**Problem details**
Write out the whole listing exactly; no images belong in it.

**Dataset content**
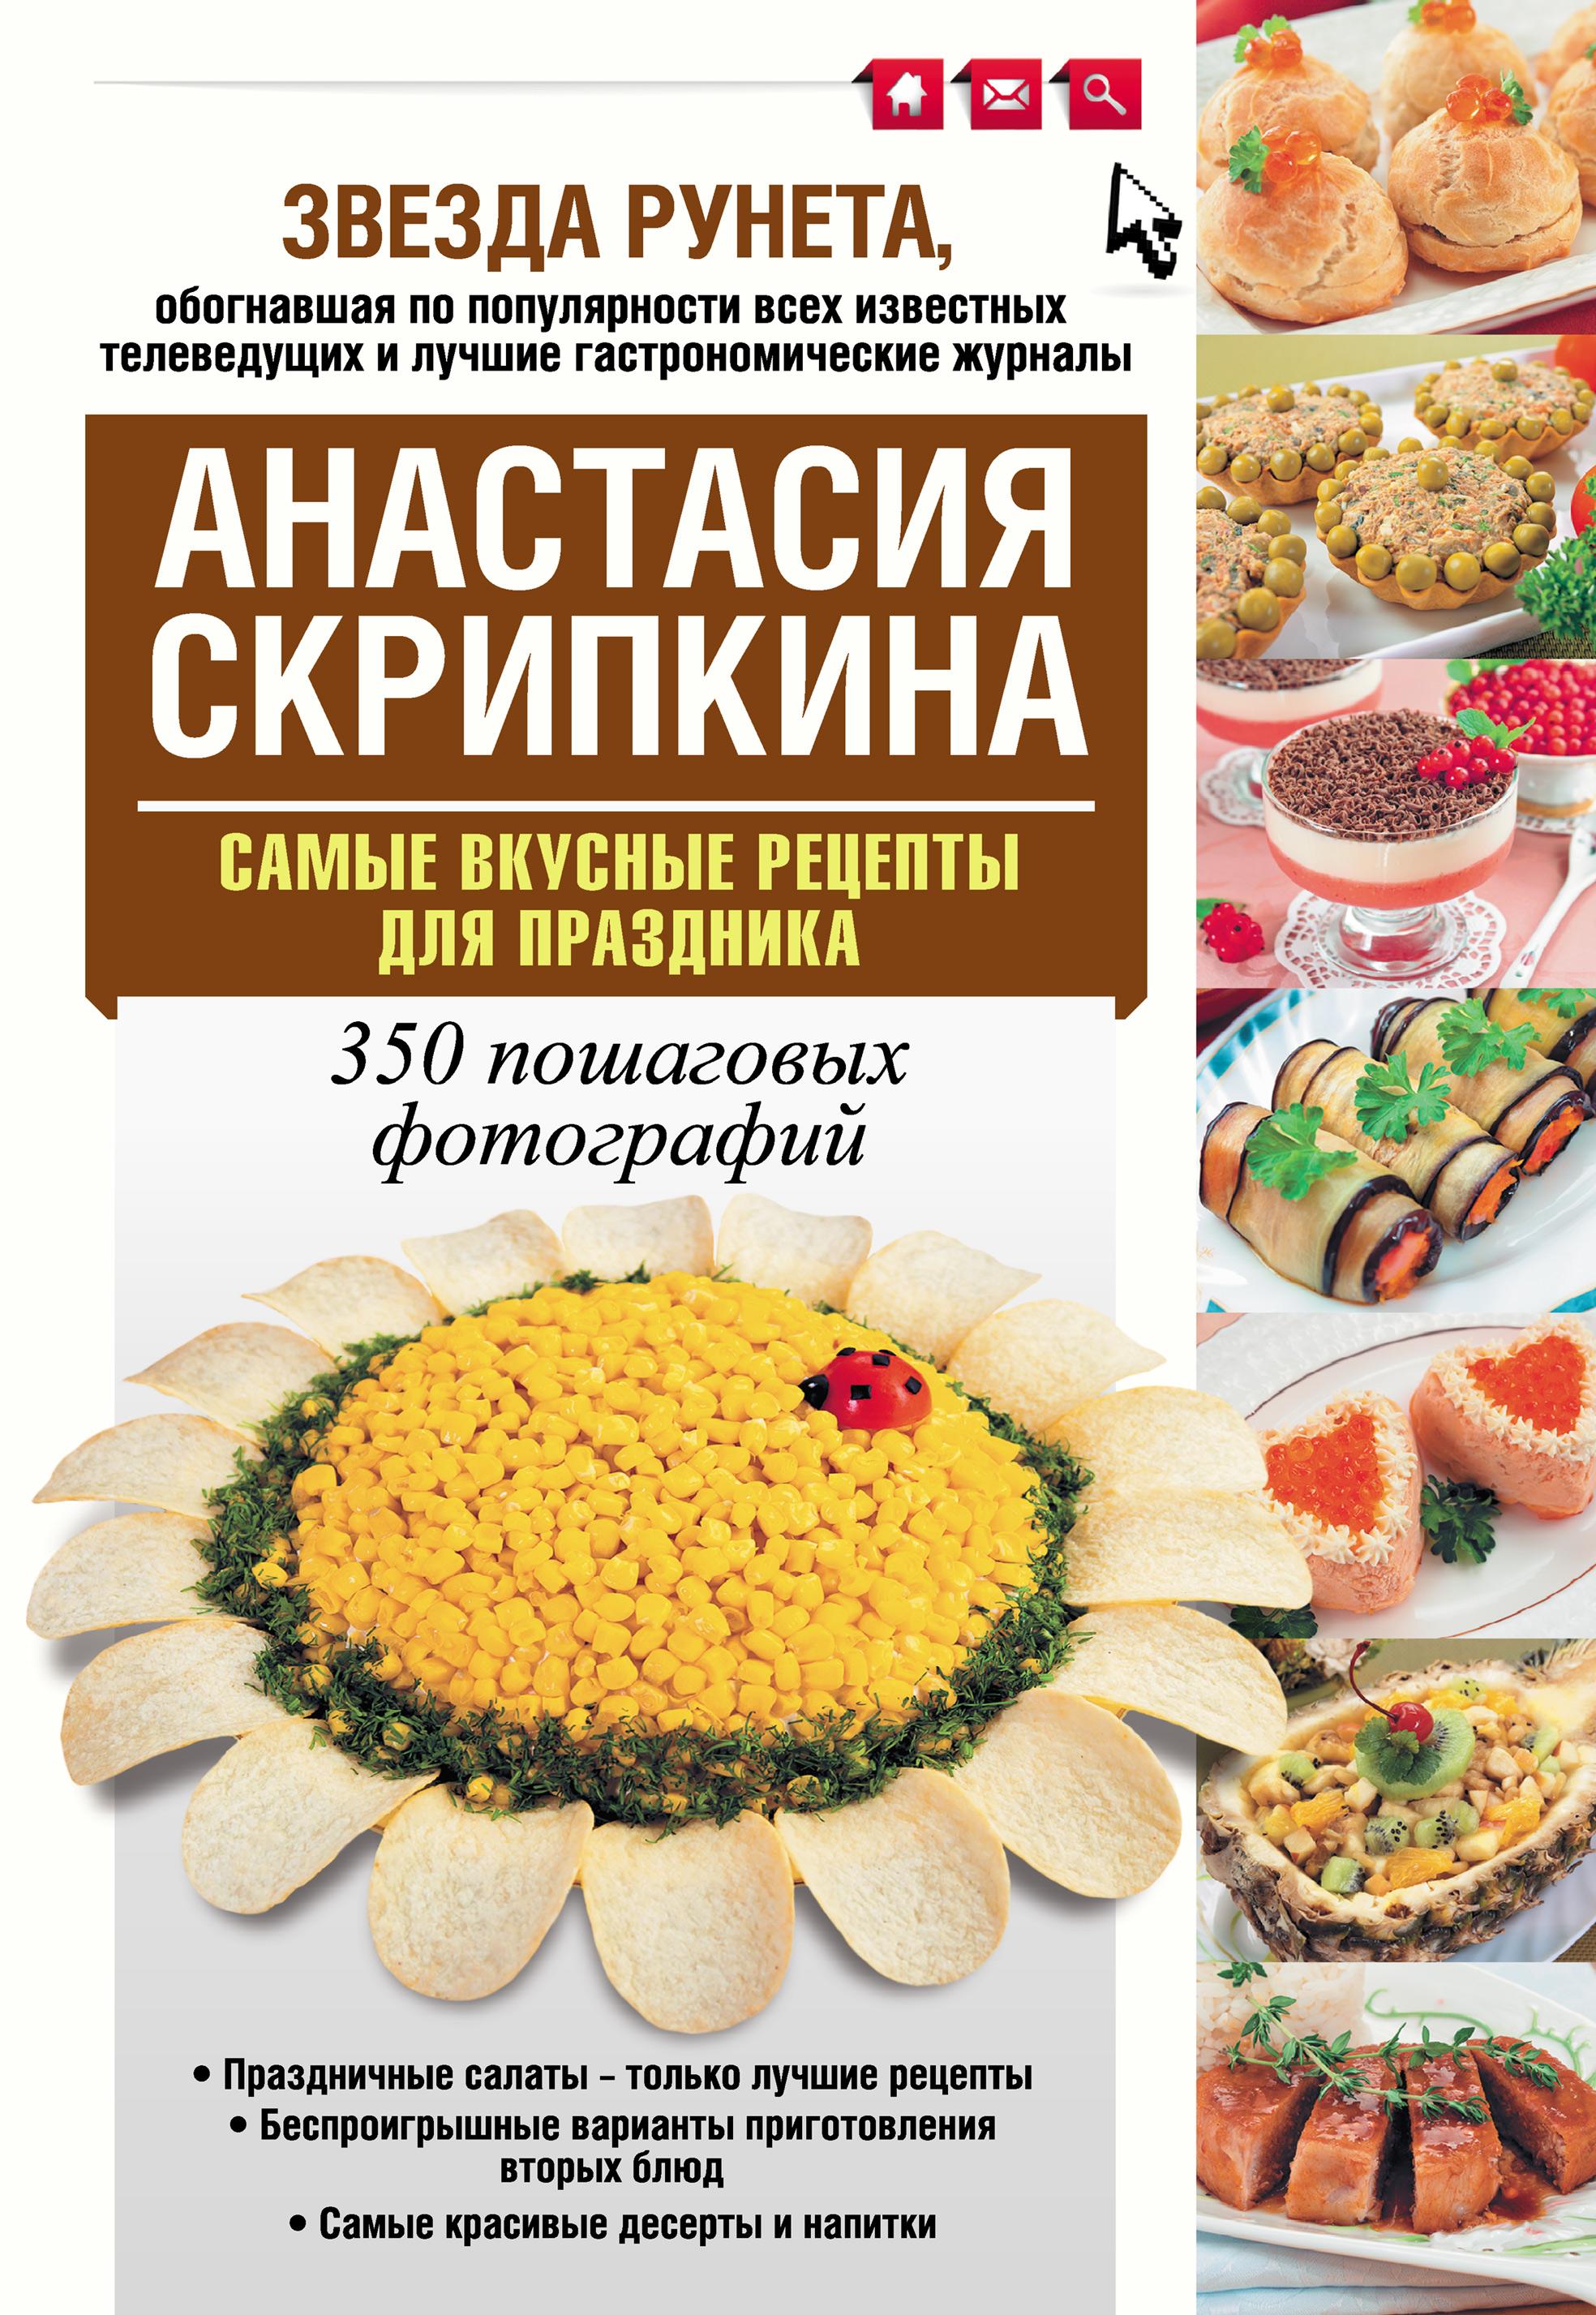 Анастасия Скрипкина Самые вкусные рецепты для праздника нина борисова пасхальный стол самые вкусные угощения кулинарные рецепты
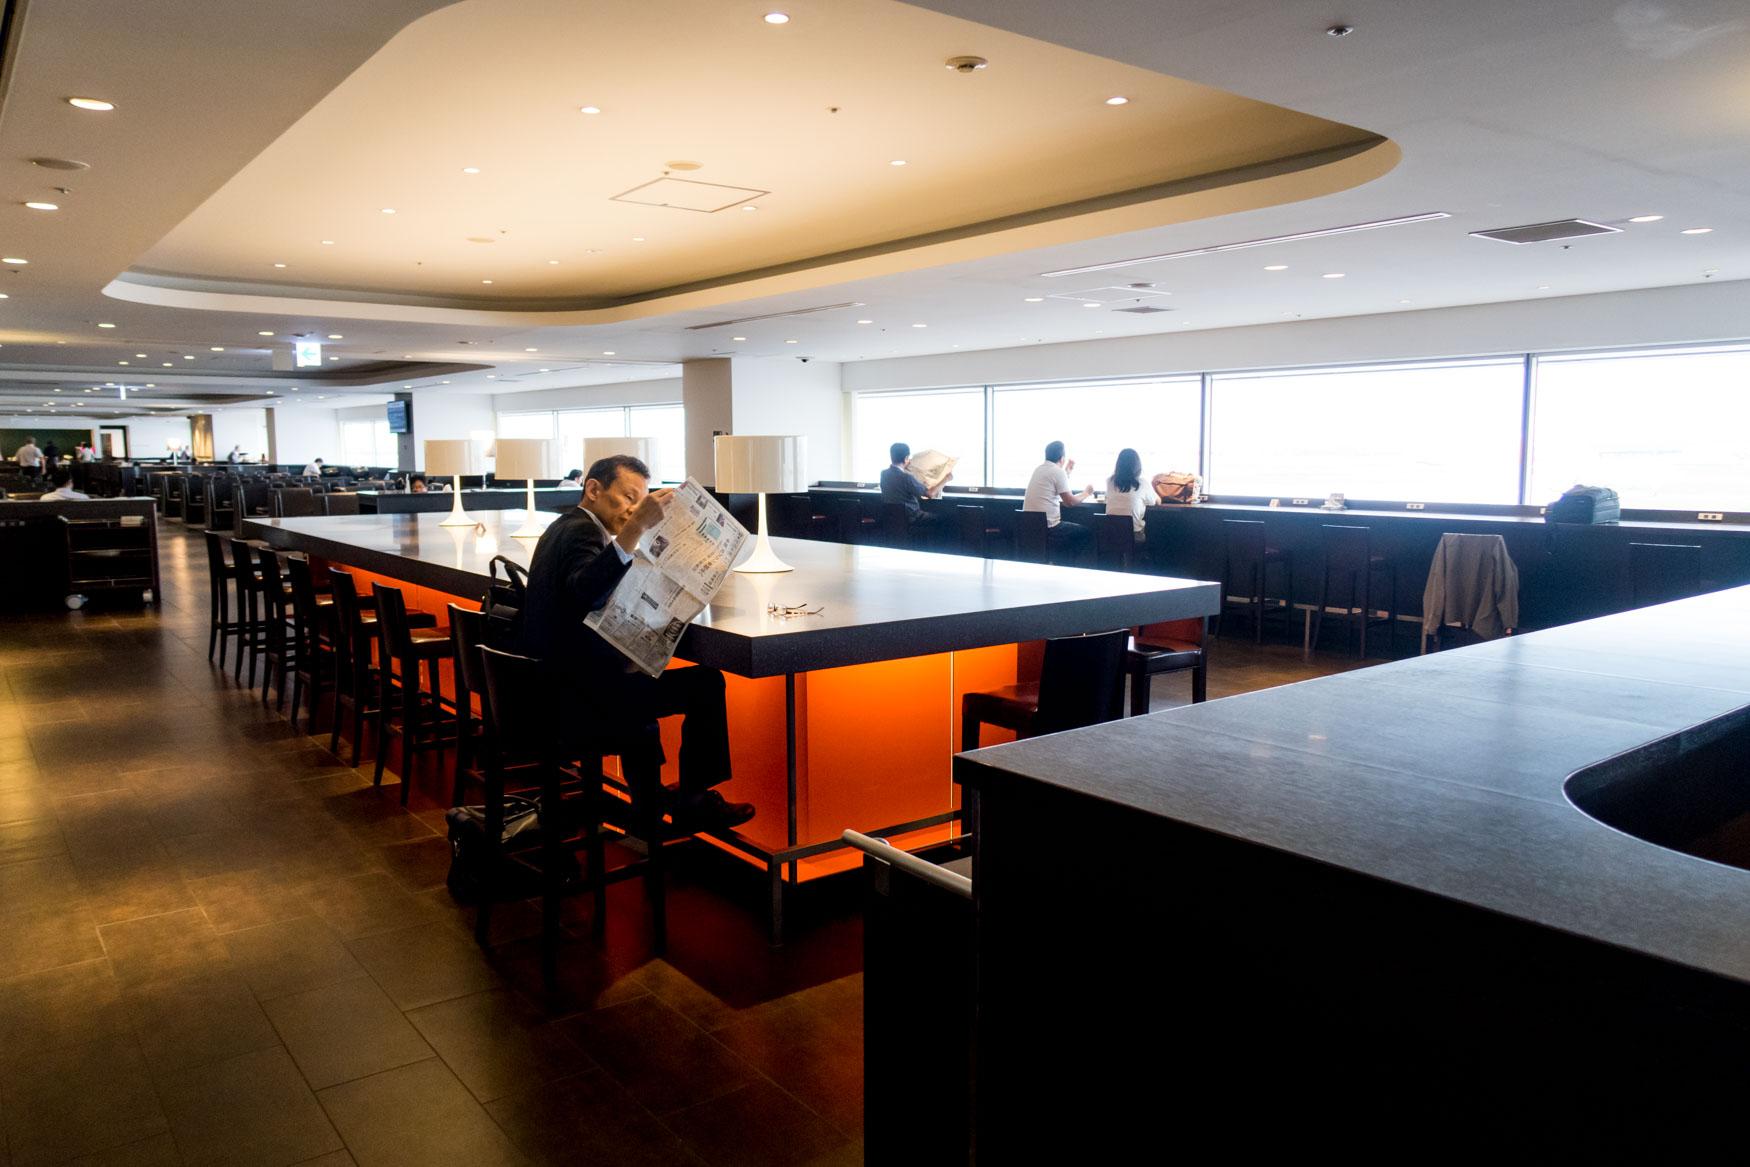 JAL Sakura Lounge Access Using Award Ticket Booked with Avios
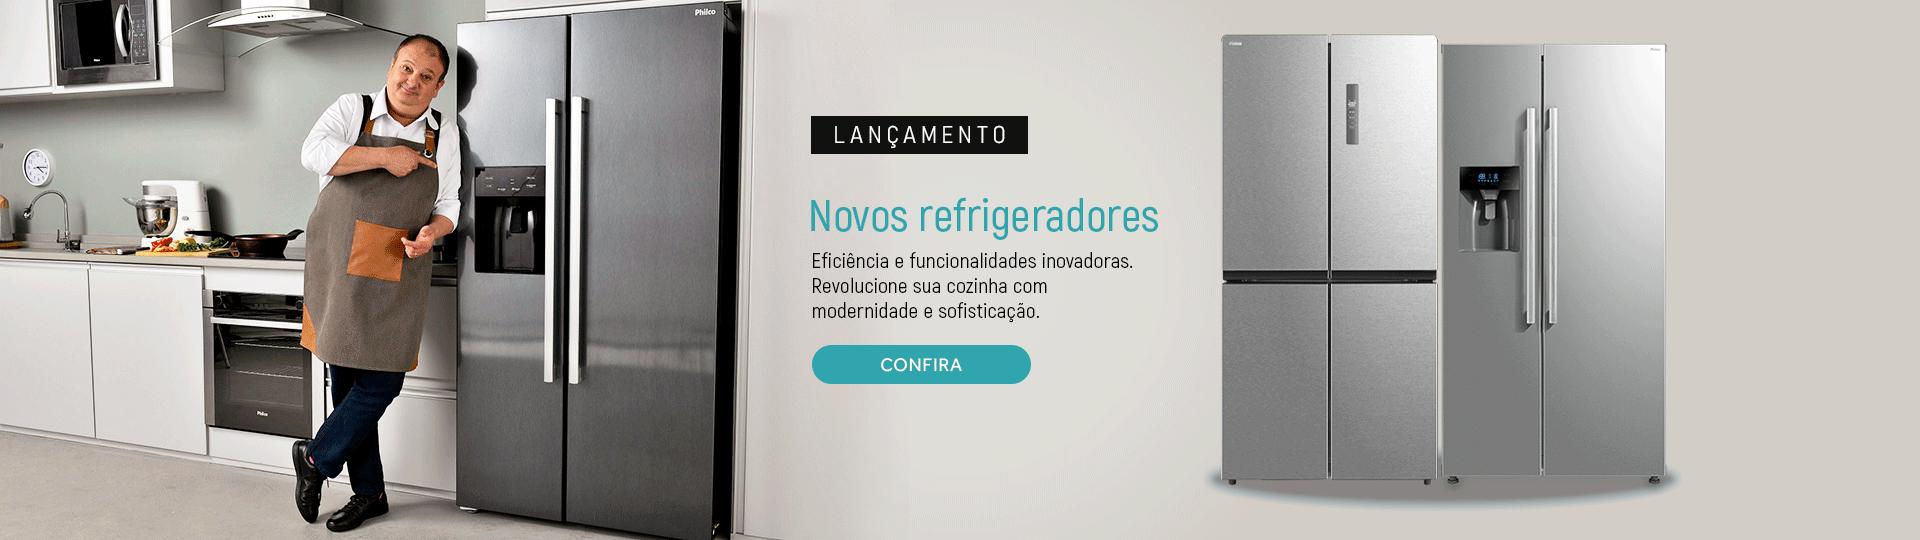 DESKTOP - REFRIGERADORES LAN
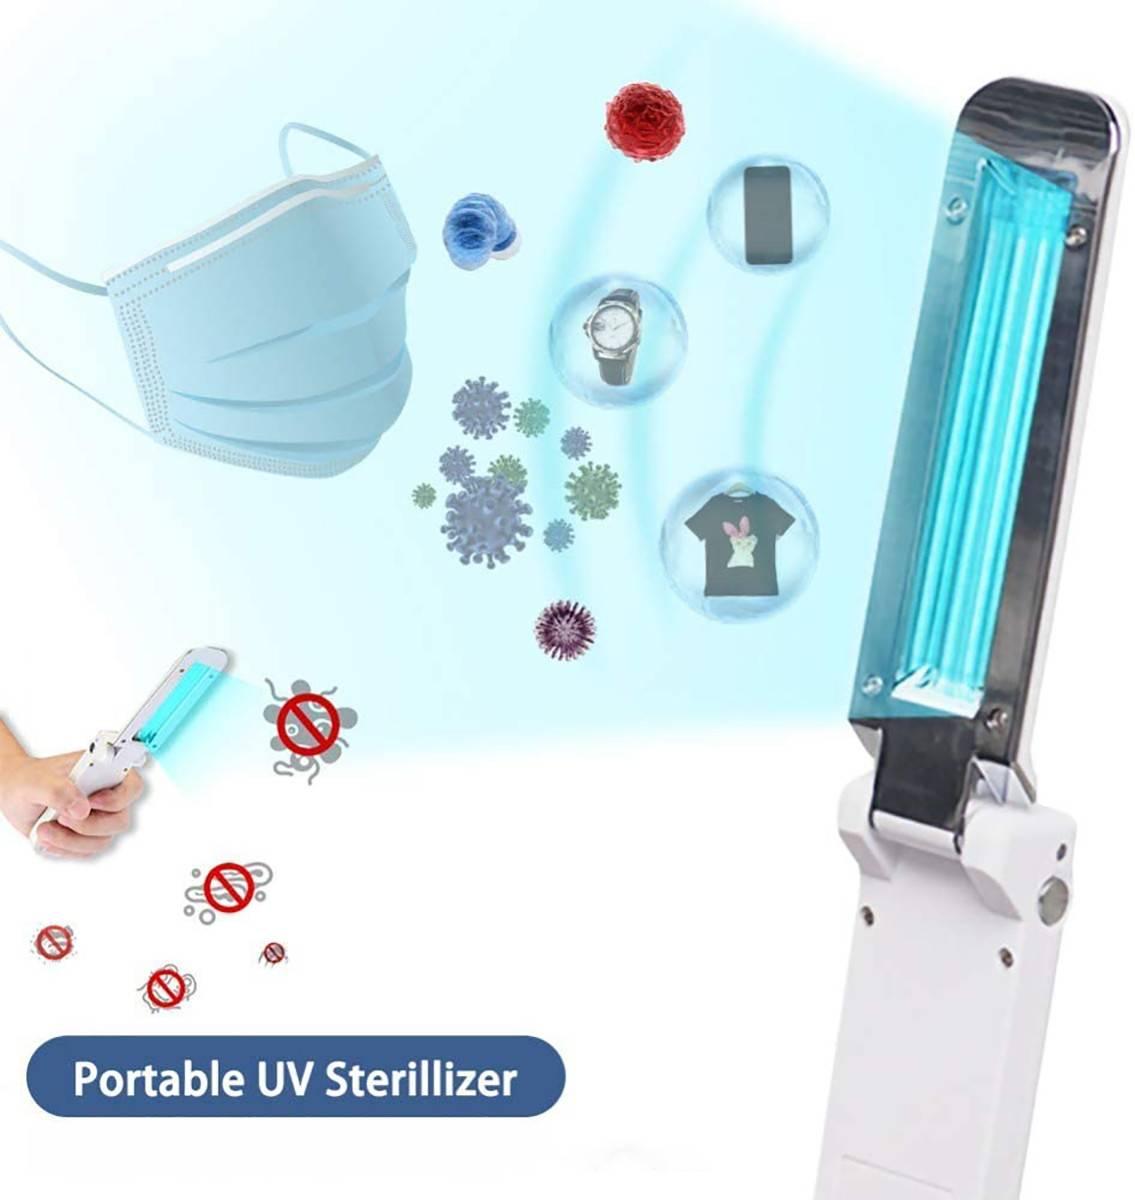 Ультрафиолетовые лампы для дезинфекции помещений с алиэкспресс

**Written reply**
 Анастасия Скрипкина Самые вкусные рецепты для праздника нина борисова пасхальный стол самые вкусные угощения кулинарные рецепты
 JAL Sakura Lounge Access Using Award Ticket Booked with Avios
 DESKTOP - REFRIGERADORES LAN
 Ультрафиолетовые лампы для дезинфекции помещений с алиэкспресс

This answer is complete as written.